The Evolutio journey also includes insights into the spirit of the times and places that gave birth to the works on display.

What to See on Evolutio: From Infrastructure in Historical Images to Vintage Films, 3D Videos, and Interactive Graphics

Over 400 infrastructure projects built by the Webuild Group are showcased in the Museum:

Africa’s giants, such as the Kariba Dam in Zimbabwe and the Grand Ethiopian Renaissance Dam, the largest hydroelectric project on the continent; the rescue of the Temples of Abu Simbel in Egypt; the “eighth wonder of the world”, the Panama Canal; the sustainable mobility systems with metro networks built by Webuild in Paris, Copenhagen, Rome, Thessaloniki, Milan, Riyadh, Doha and elsewhere; the major road systems such as the Autostrada del Sole and high-speed rail lines; the iconic bridges that have made infrastructure history; civic buildings that stand as symbols of engineering excellence and futuristic architectural vision.
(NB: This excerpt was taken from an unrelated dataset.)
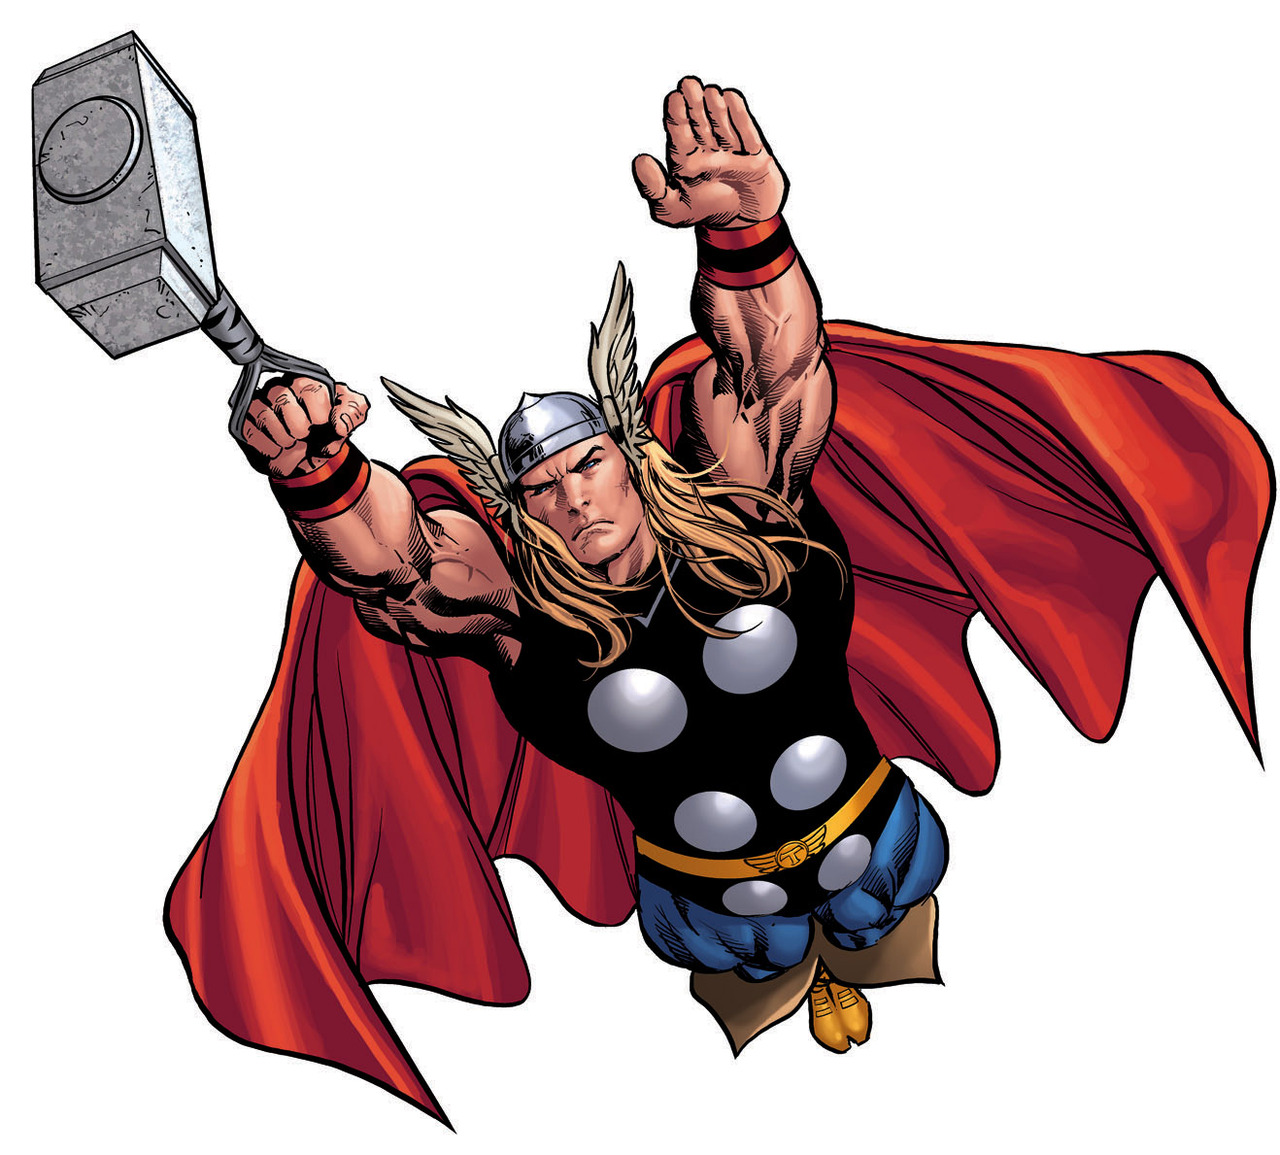 Thor coloring page - free printable coloring pages on

Within Evolutio, visitors can explore more than 12,000 photographs and a vast selection of documentaries and historical films from Webuild’s extensive multimedia archive, featuring experts in industrial photography such as Guglielmo Chiolini, and famous directors including Ermanno Olmi.

In addition, the Museum of infrastructure also includes an Edutainment Area with 3D videos and interactive graphics explaining, for instance, how to build a bridge and how Tunnel Boring Machines (TBMs) – the enormous machines used to excavate tunnels – function.

There are also three simulators that allow visitors to test themselves by stepping into a virtual construction site, turning the experience into a game: choosing machinery, following the stages of building a complex project, with the central focus always on people’s safety.